Court File and Parties
COURT OF APPEAL FOR ONTARIO DATE: 20240910 DOCKET: COA-24-CR-0112
Simmons, van Rensburg and Thorburn JJ.A.
IN THE MATTER OF: Taimaz Shahinjou
AN APPEAL UNDER PART XX.1 OF THE CODE
Counsel: Jeff Marshman, for the appellant Vallery Bayly, for the respondent, Attorney General of Ontario Jessica Szabo, for the respondent, Ontario Shores Centre for Mental Health Sciences
Heard: August 16, 2024
On appeal against the disposition of the Ontario Review Board, dated October 24, 2023, with reasons dated November 28, 2023.
Reasons for Decision
[1] The appellant appeals from an October 24, 2023, disposition of the Ontario Review Board (the “Board”) ordering that he be detained at the Forensic Program of the Ontario Shores Centre for Mental Health Sciences (“Ontario Shores” or the “Hospital”) with privileges up to and including living in the community. The sole issue on appeal is whether the Board’s denial of the appellant’s request for a conditional discharge was unreasonable. For the reasons that follow, the appeal is dismissed.
Background
[2] The appellant was found not criminally responsible (“NCR”) in June 2012 in relation to charges of assault causing bodily harm, assault and breach of a conditional sentence order. He is diagnosed with schizophrenia, cannabis use disorder (moderate) and alcohol use disorder (moderate). The substance use disorders have been in remission since the appellant came under the jurisdiction of the Board. Prior to the NCR finding, the appellant had several convictions, primarily for assaultive behaviour and failing to comply with court orders.

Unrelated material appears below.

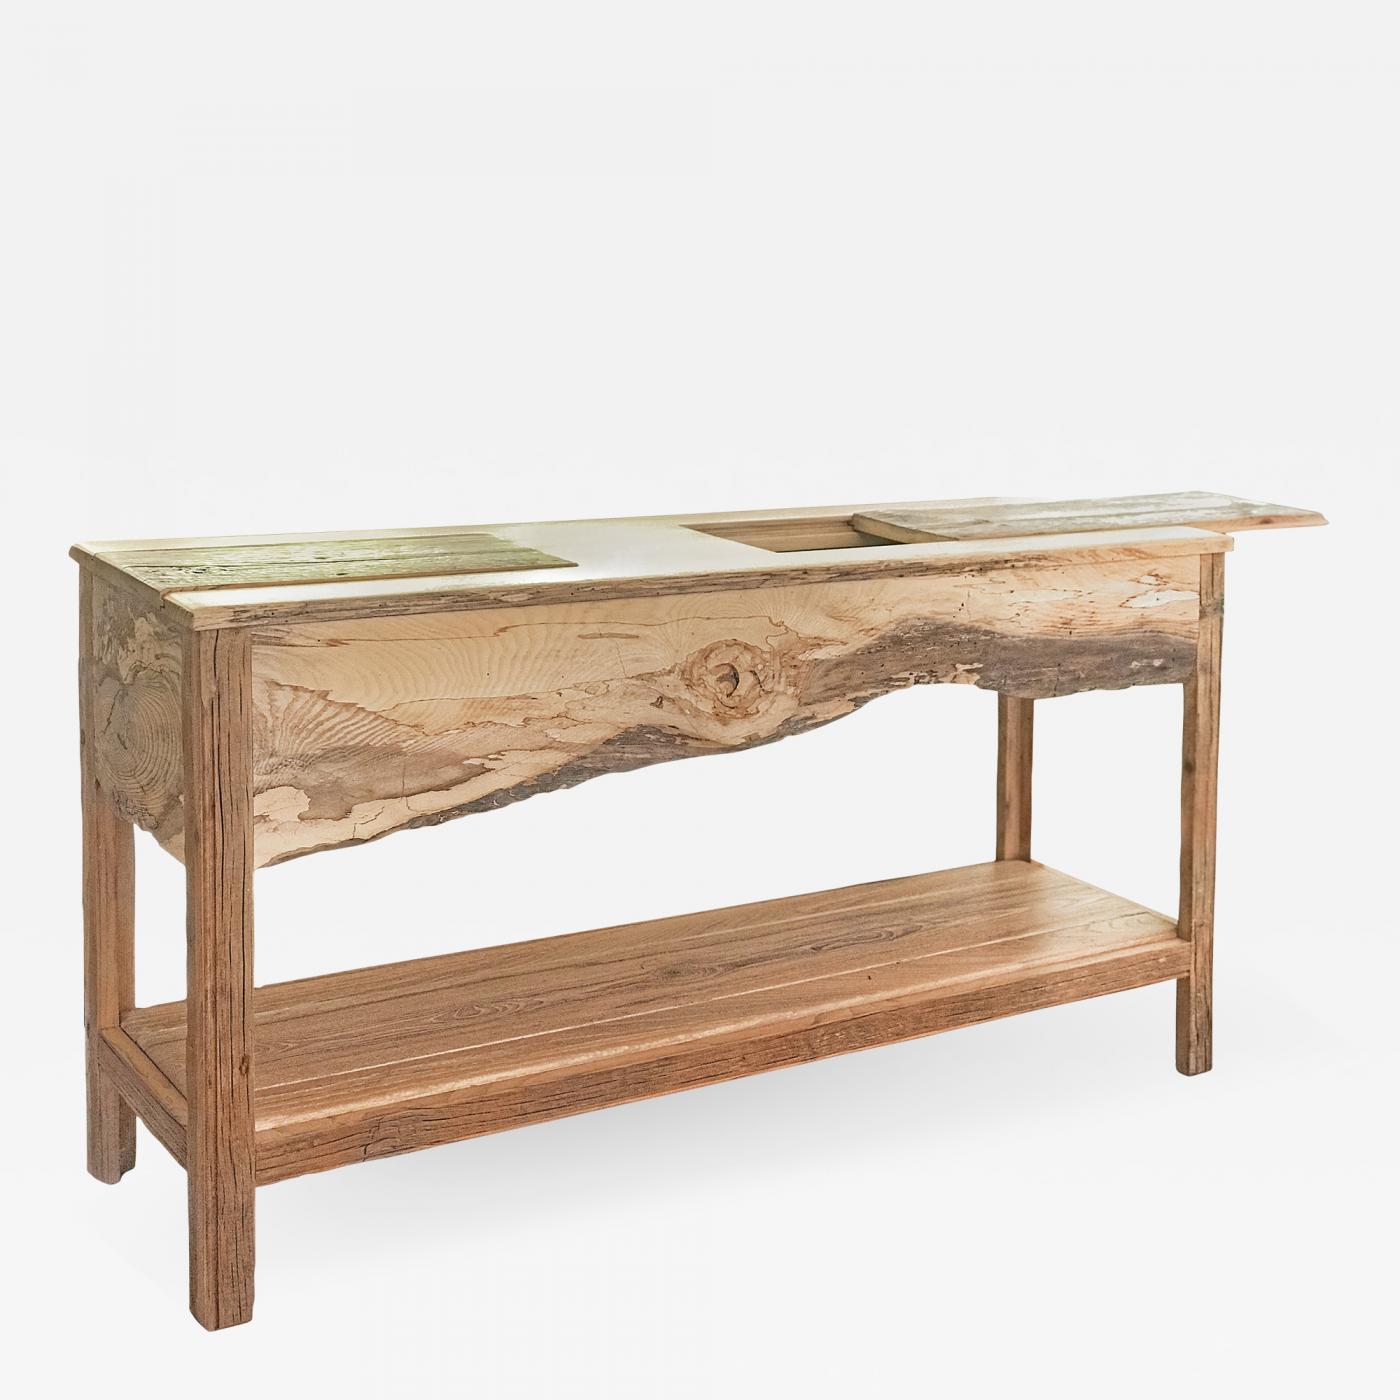 Remarkable William Alburger Console Sofa Entry Table Bespoke Wood Eco Sculpture Landscape Pabps2019 Chair Design Images Pabps2019Com

[3] Subsequent to the NCR finding, the appellant was detained at the Centre for Addiction and Mental Health. He became an outpatient in March 2013 but was returned to hospital in October 2013. His behaviour deteriorated throughout 2013-2014, and included an incident involving a co-patient as a result of which he was charged, and later convicted, of sexual assault. [1] Following the sexual assault, on October 3, 2014, the appellant was transferred to the maximum secure setting at Waypoint Centre for Mental Health Care.
[4] While at Waypoint between 2014 and 2016, the appellant continued to exhibit problematic behaviour, including assaulting co-patients, threatening staff and using hostile and inappropriate language. However, this pattern began to change in August 2016 when he began treatment with clozapine. As a result of continuing improvement, in September 2017 he was transferred to the less secure setting at Ontario Shores. Although the appellant did not engage in any violent behaviour after he began treatment with clozapine, he continued to experience difficulties with interpersonal boundaries: for example, he would engage in unwanted touching of others. Eventually, in 2022, he was permitted to move into the community and live at his parents’ home.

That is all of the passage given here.